ABOUT THIS TASK: Each line of the data below should be restated exactly, with images left out.

DATA SECTION:

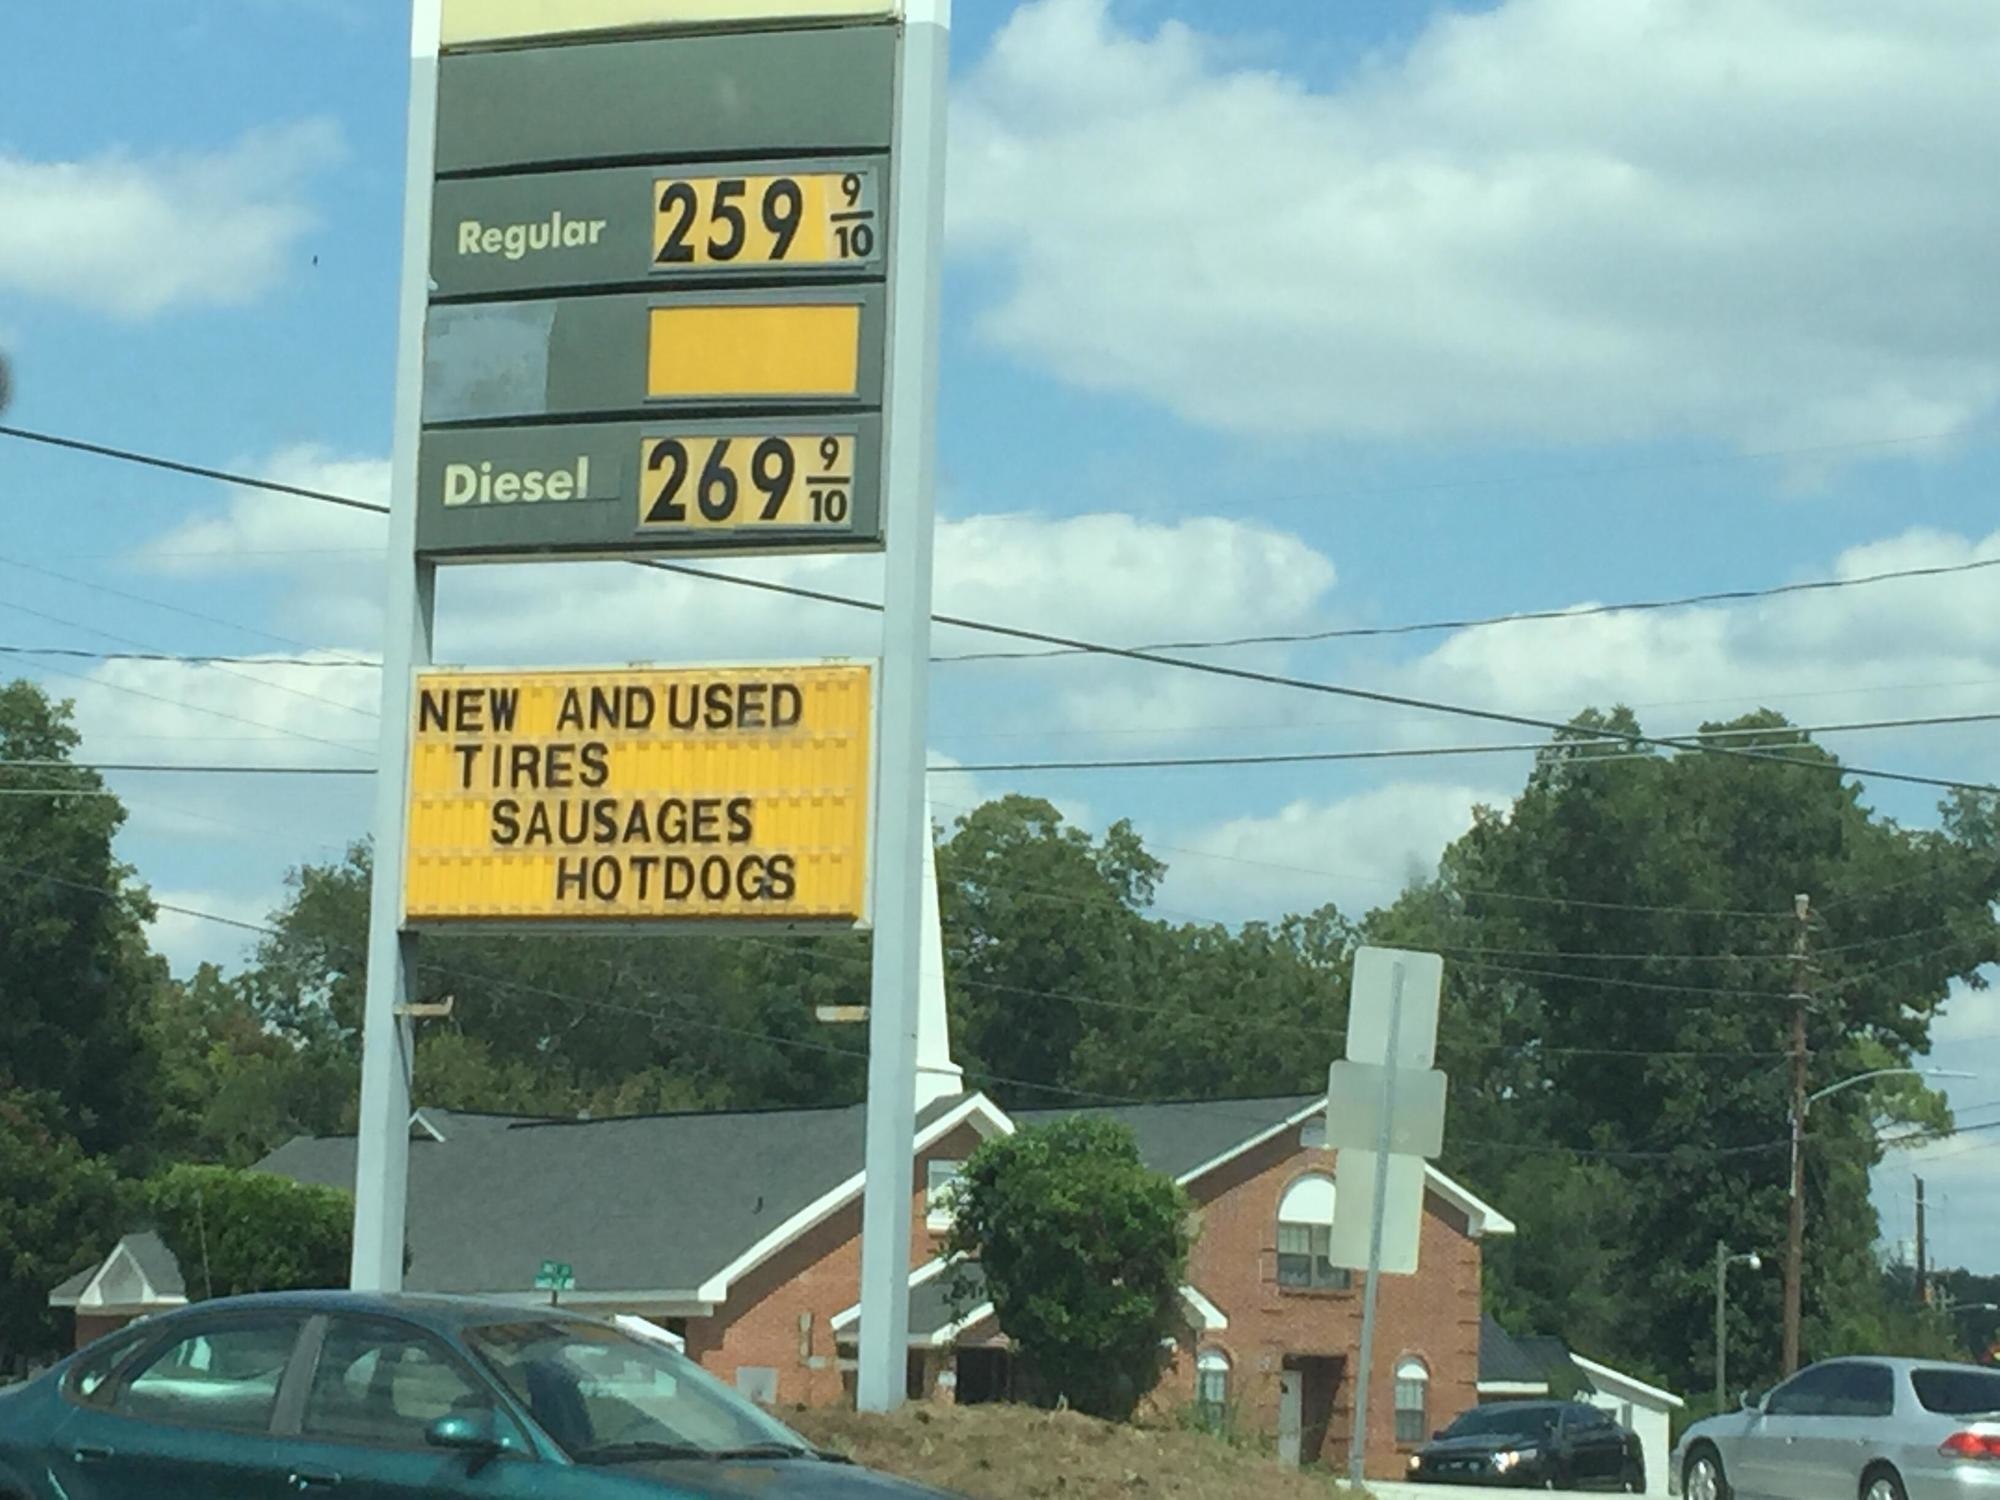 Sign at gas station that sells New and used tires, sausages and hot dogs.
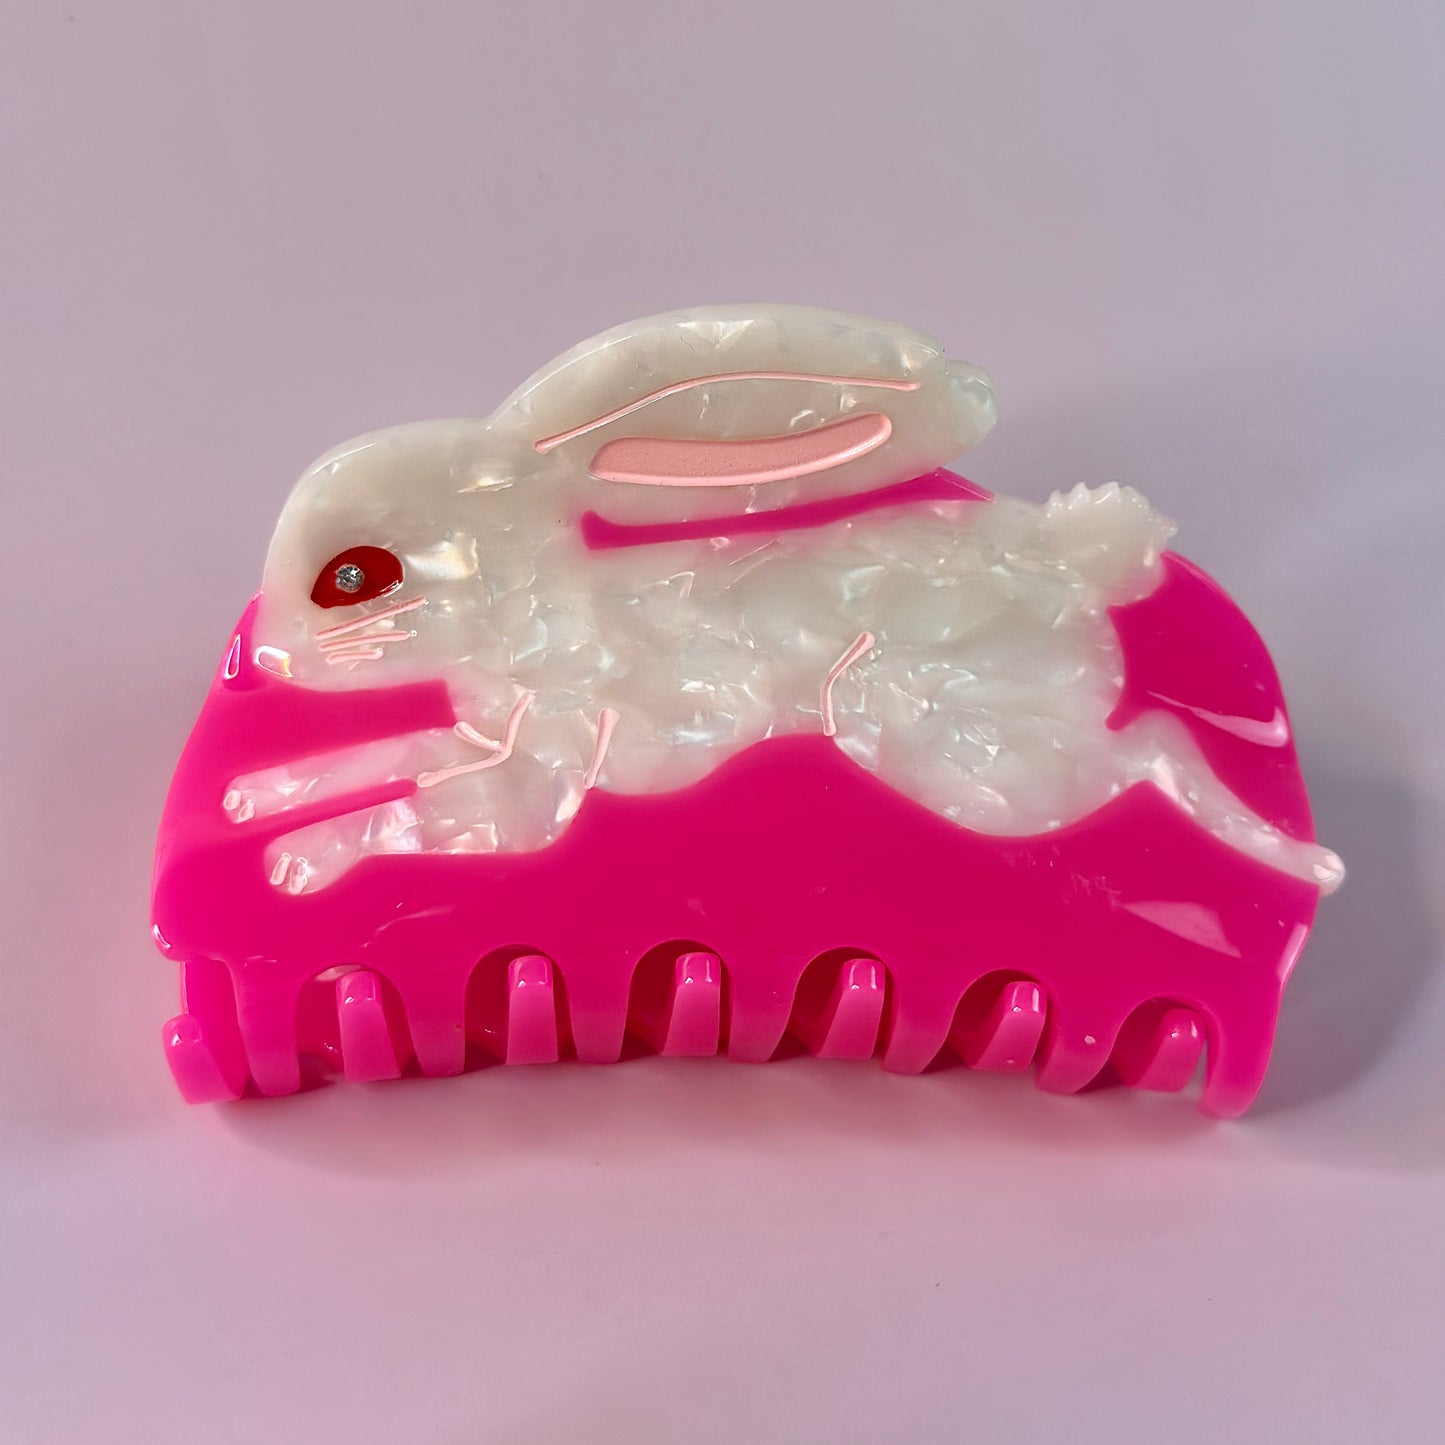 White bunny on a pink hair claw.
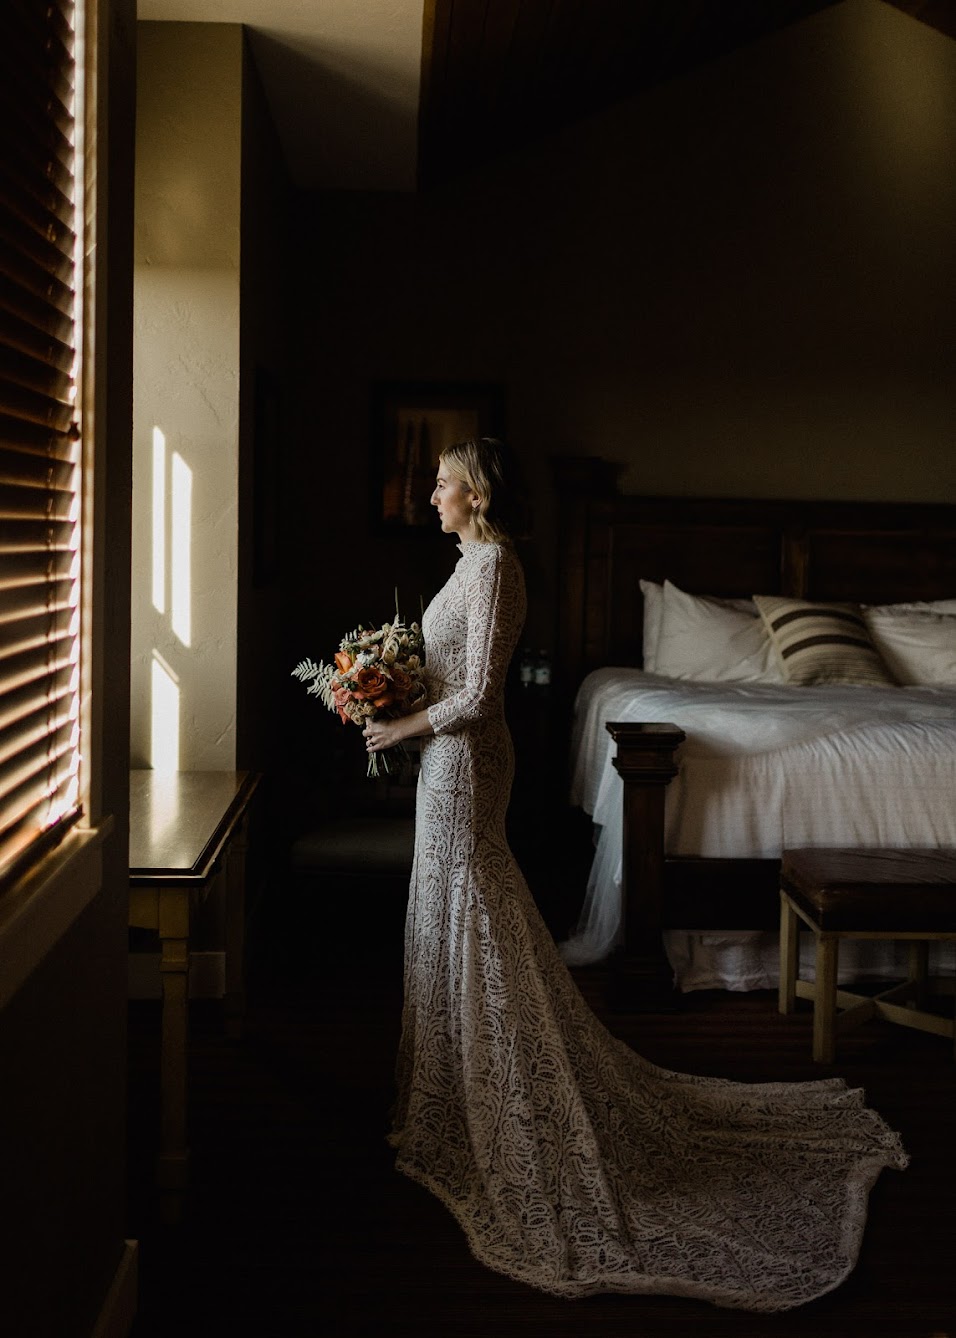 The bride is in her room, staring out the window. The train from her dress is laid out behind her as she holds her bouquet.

RESULT FOR THIS TASK:
 Sign at gas station that sells New and used tires, sausages and hot dogs.
 White bunny on a pink hair claw.
 The bride is in her room, staring out the window. The train from her dress is laid out behind her as she holds her bouquet.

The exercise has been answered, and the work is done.